Australia's recent poor record in commercialising innovation received a boost late last year with the revival of the federal government’s Accelerating Commercialisation program.
Australia's recent poor record in commercialising innovation received a boost late last year with the revival of the federal government’s Accelerating Commercialisation program.
Australia came 17th in the Global Innovation Index last year, with Switzerland, the UK, and Sweden occupying the top three positions. This represented a modest improvement for Australia on the 2013 result (19th), but highlights how far the nation has to go to compete on the world stage. The rankings for 2015 will be announced later this month.
Under Prime Minister Malcolm Turnbull, who backs innovation, the Entrepreneur’s Program (of which Accelerating Commercialisation is part) may gain higher prominence.
According to Accelerating Commercialisation director Patrick Mooney, the program has a strategic funding model to improve Australia’s performance in this area.
“Our mandate is to address the innovation commercialisation gap in Australia,” Mr Mooney told Business News on a recent visit to Perth.
“We have a very poor rating globally in converting IP into successful businesses, so that’s what (the program) is designed to fix.”
The program does not only hand out matching funds (every dollar invested has to have another dollar raised by the company) but through its ‘expert network’ of 360 mentors, investors and corporates work with its 26 department advisers (three of whom work with companies in Western Australia).
“Our advisers have all come out of the tech sector, and aim to be catalysts,” Mr Mooney said.
“It’s a very competitive program.
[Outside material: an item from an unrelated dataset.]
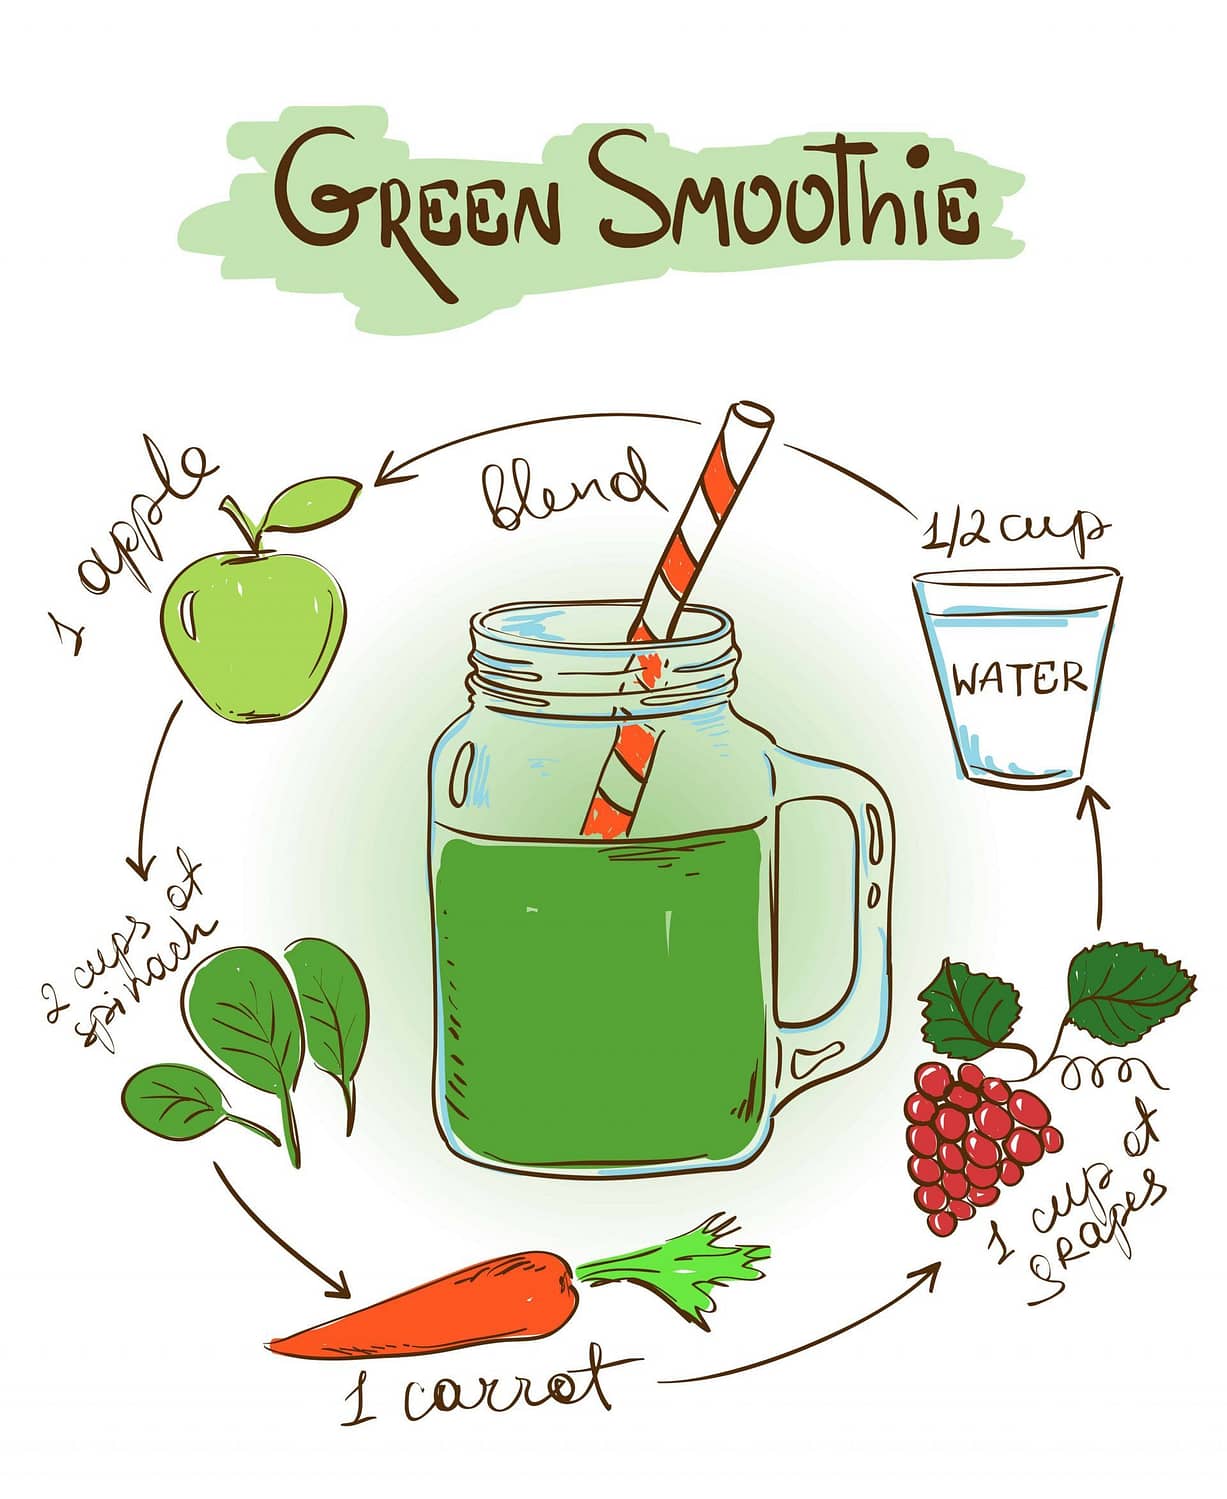 Green Smoothie Recipe Hand drawn sketch illustration

They act like a cross between a non-executive director and a venture capitalist, and work closely with the companies concerned.
“The new bit (of the program) is to help with business development and forge strategic relationships with large corporates; we can present a pipeline of companies that may be interesting to them.
“These corporates might become clients of these companies, or channel partners, or investors.”
This new component of the part of the Accelerating Commercialisation program has yet to be taken up by businesses in WA, although meetings were being held earlier this week with at least three large companies.
The program and its forerunner, Commercialisation Australia, have funded 74 WA companies over the past five years. So far this year, there have been two rounds of announced funding, with two WA companies benefitting – Tap into Safety and One Atmosphere. More rounds are in the works, which have yet to be announced, but do provide funding for more WA businesses.
“We can’t fund every SME that comes to us,” Mr Mooney said.
“We have to see a high level of technical innovation and potential to scale. We work with companies at the ‘valley of death’ stage – we’re the angels that try to fly them across, perhaps.
“We have to see a working prototype that is reasonably close to a commercial offering. We don’t fund research, there are other schemes like the R&D tax rebate for that; our focus is commercial risk, not technical risk.”